Off the top of my head im sure fightshop have the dan hardy tapout signature shirt. Im sure they were advertising it on facebook


----------



## FlikstRR (Dec 25, 2009)

cheers dude ill check it out.. im the mean time.. fancy doing a black hoody!!


----------



## marc (Jul 16, 2007)

I second the black hoody from razorstorm, black outsells white BIG TIME!!!


----------



## Razorstorm (Aug 6, 2009)

lol alright lads alright lol.

I shall look into it!.We are getting black and blue shorts soon and a whole new range of tees


----------



## FlikstRR (Dec 25, 2009)

hell yes!.. soon as the black range come in let me know and ill rep it. 

need to get some shorts at some point so..

although that doesnt fix my short term hoody needs lol...

theres a brand called 'kill it' ive just seen. anyone heard of them before? LOVING their designs.


----------



## Razorstorm (Aug 6, 2009)

Ye, its the guy who used to own hostile or hostility I think, cant remember which one. But he changed his brand to remove any confusion


----------



## DanMMA (Apr 7, 2009)

The is also a company called Like 2 FightLIKE 2 FIGHT MMA SHORTS, MMA GLOVES, MMA TSHIRTS & RASHGUARDS


----------



## FlikstRR (Dec 25, 2009)

looks like ill be needing my shorts sooner than i thought due to finding a local mma school.. 
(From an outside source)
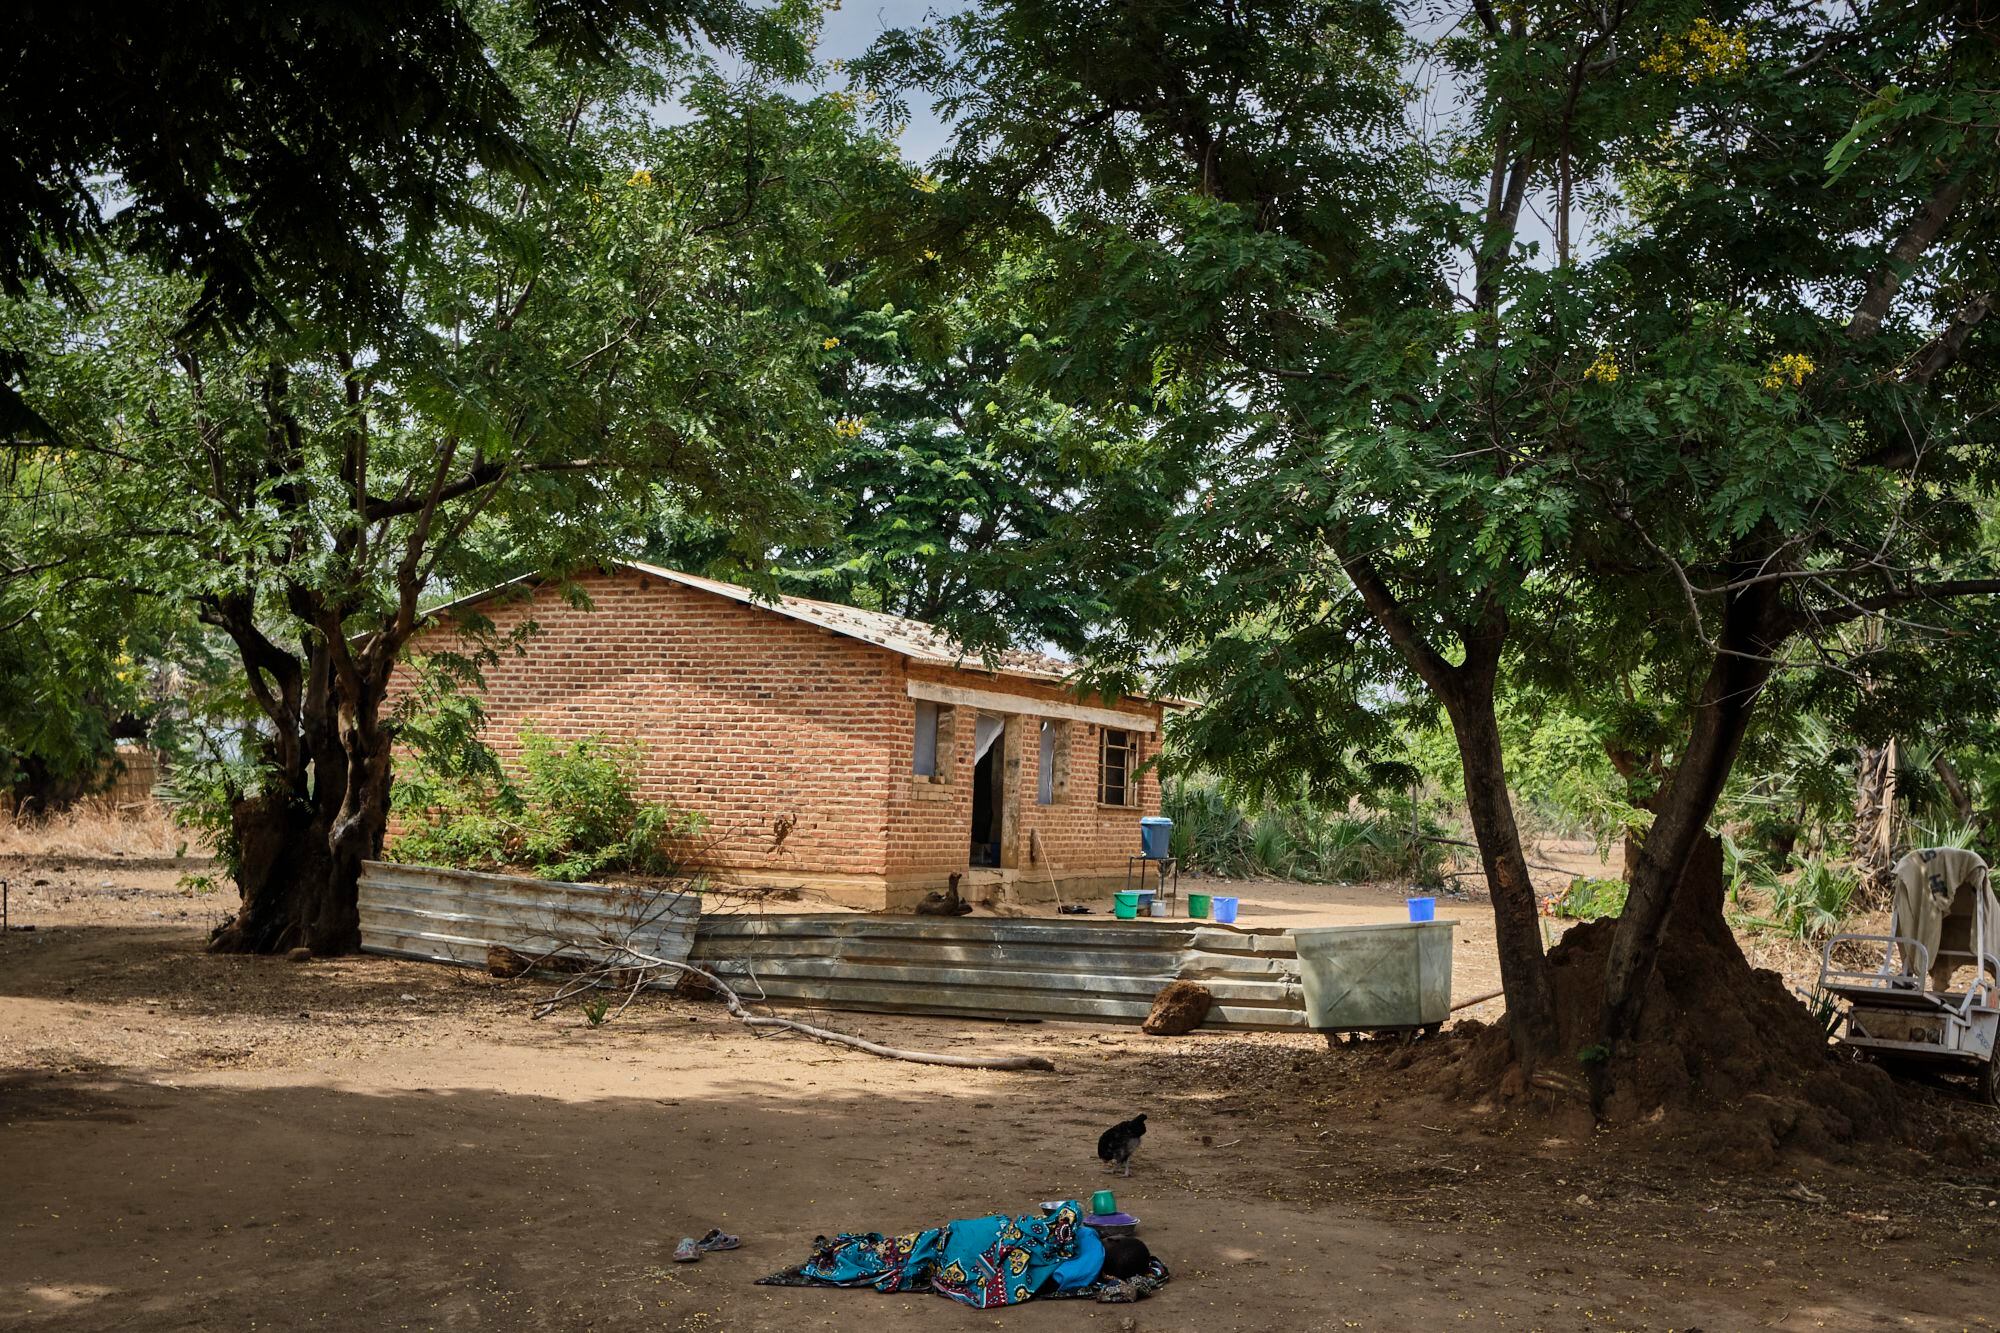 Una niña enferma de cólera descansa cerca del centro de salud de Mtosa, en el distrito de Nkhotakota, Malaui. Este distrito es el que más muertes por cólera ha registrado desde el inicio del brote en marzo de 2022. Hasta ahora, se han detectado 1.044 casos y 47 muertes. Al fondo, el edificio improvisado para los pacientes enfermos de cólera.

how long till those black razerstorm shorts??... otherwise ill probably end up with some sprawls, alot of good reviews for them.


----------



## Razorstorm (Aug 6, 2009)

Be around Feb time mate


----------



## FlikstRR (Dec 25, 2009)

daaaaaaaamn!!!  looking to buy my gear this week as i have first week of lessons starting this sunday.

I have no shorts to my name.. being a web geek i usuall hide my pastey chicken legs 

not even got some shorts in beta test?


----------



## Razorstorm (Aug 6, 2009)

haha, sorry dude no black or blue shorts in sight. Literally only got white ones here at moment


----------